Start of Block

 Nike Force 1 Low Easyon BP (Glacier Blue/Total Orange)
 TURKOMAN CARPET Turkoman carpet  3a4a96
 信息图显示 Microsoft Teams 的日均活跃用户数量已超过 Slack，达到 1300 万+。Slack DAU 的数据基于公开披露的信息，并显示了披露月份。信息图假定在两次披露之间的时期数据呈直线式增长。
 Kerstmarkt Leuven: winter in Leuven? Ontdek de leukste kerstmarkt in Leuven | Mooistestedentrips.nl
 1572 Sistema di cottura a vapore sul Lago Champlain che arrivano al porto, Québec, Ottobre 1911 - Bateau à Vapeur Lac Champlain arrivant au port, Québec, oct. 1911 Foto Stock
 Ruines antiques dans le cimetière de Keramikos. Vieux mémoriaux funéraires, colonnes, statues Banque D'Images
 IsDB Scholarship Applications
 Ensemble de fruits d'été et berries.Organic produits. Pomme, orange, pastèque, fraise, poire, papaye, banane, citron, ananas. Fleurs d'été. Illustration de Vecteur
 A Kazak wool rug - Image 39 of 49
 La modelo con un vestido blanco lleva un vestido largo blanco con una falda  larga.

End of Block

### Task item
Please reproduce exactly the lines from the first one of the records above through the line containing "Kerstmarkt Leuven: winter", both included, and nothing else.

### Answer for this exercise
 Nike Force 1 Low Easyon BP (Glacier Blue/Total Orange)
 TURKOMAN CARPET Turkoman carpet  3a4a96
 信息图显示 Microsoft Teams 的日均活跃用户数量已超过 Slack，达到 1300 万+。Slack DAU 的数据基于公开披露的信息，并显示了披露月份。信息图假定在两次披露之间的时期数据呈直线式增长。
 Kerstmarkt Leuven: winter in Leuven? Ontdek de leukste kerstmarkt in Leuven | Mooistestedentrips.nl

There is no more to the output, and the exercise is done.